DOI: 10.3923/ajd.2013.1.10

URL: https://scialert.net/abstract/?doi=ajd.2013.1.10
 
Received: May 17, 2012; Accepted: July 03, 2012; Published: April 09, 2013



INTRODUCTION

Vitiligo is a common acquired depigmentary skin disorder occurring in about 1% of the world's population, regardless of age, sex and skin color. It results from melanocyte destruction with loss of melanin which causes sharply demarcated depigmented skin macules. The basic pathogenesis remains unknown (Mosher et al., 1993).

A number of therapeutic options for repigmentation of vitiligo are available. Treatments, such as topical steroids, Psoralen Plus Ultraviolet A (PUVA) and narrowband (311 nm) UVB (NB-UVB) are currently the most widely used but yield unsatisfactory results in all or most of cases (Taneja, 2002).

Surgical therapies can be used alone or in conjunction with medical therapy to achieve repigmentation in cases refractory to medical treatment, provided that the disease is stable. Surgical treatment options for vitiligo offer the potential for rapid and more desirable amounts of repigmentation. The different modalities of surgical techniques include organ-cultured fetal skin allografting, epidermal culture grafting, melanocyte culture grafting, autologous noncultured melanocyte-keratinocyte cell transplantation, epidermal grafting by the suction blister technique, thin Thiersch split skin grafting or miniature punch grafting. These methods depend on transplant of melanocytes from areas of normal skin to the vitiliginous patches (Falabella, 1989; Van Geel et al., 2001; Ozdemir et al., 2002; Yaar and Gilchrest, 2001; Rusfianti and Wirohadidjodjo, 2006).

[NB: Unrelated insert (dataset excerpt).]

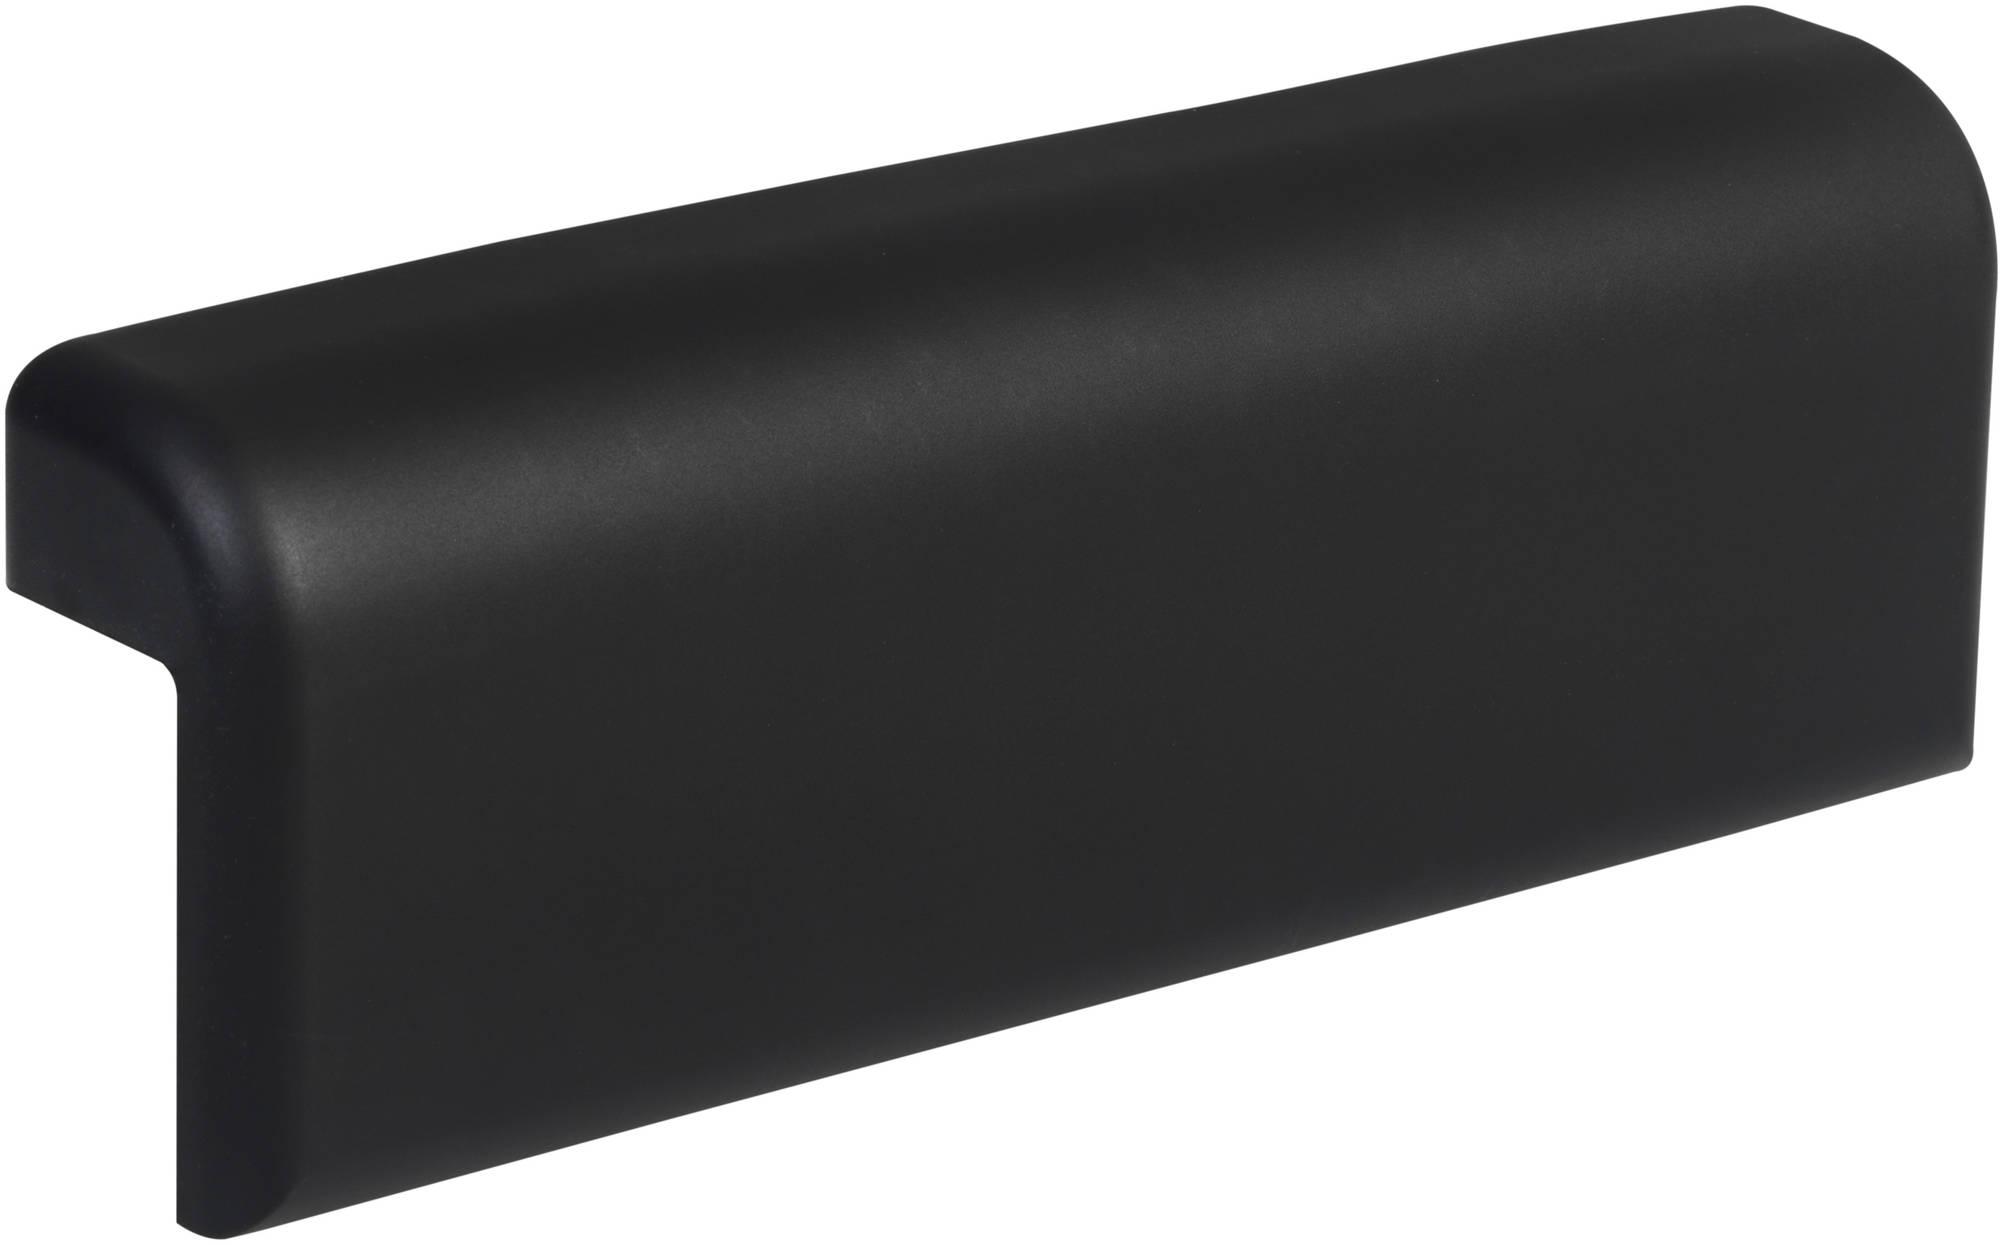 Ben Comfort Badkussen 36x14cm Zwart

The 308 nm excimer laser emits a monochromatic light of 308 nm and induces photobiological effects similar to NB-UVB, thus stimulating adjacent melanocytes in the outer root sheath of hair follicles and on the margins of lesions to migrate and repopulate the vitiliginous areas. Several studies have shown the response of vitiligo patches to excimer laser and United States (US) Food and Drug Administration (FDA) has approved it for the treatment of vitiligo and psoriasis (Homan et al., 2011; Nicolaidou et al., 2009; Hofer et al., 2006; Casacci et al., 2007; Al-Mutairi et al., 2010). Excimer laser permits the selective treatment of only lesional skin in a small number of treatment sessions over a short period of time and ensures no unnecessary radiation of healthy skin. Thus the patient receives less radiation, reducing the risk of skin aging and carcinogenesis. Furthermore, the unsightly tanning of all perilesional skin is avoided (Casacci et al., 2007).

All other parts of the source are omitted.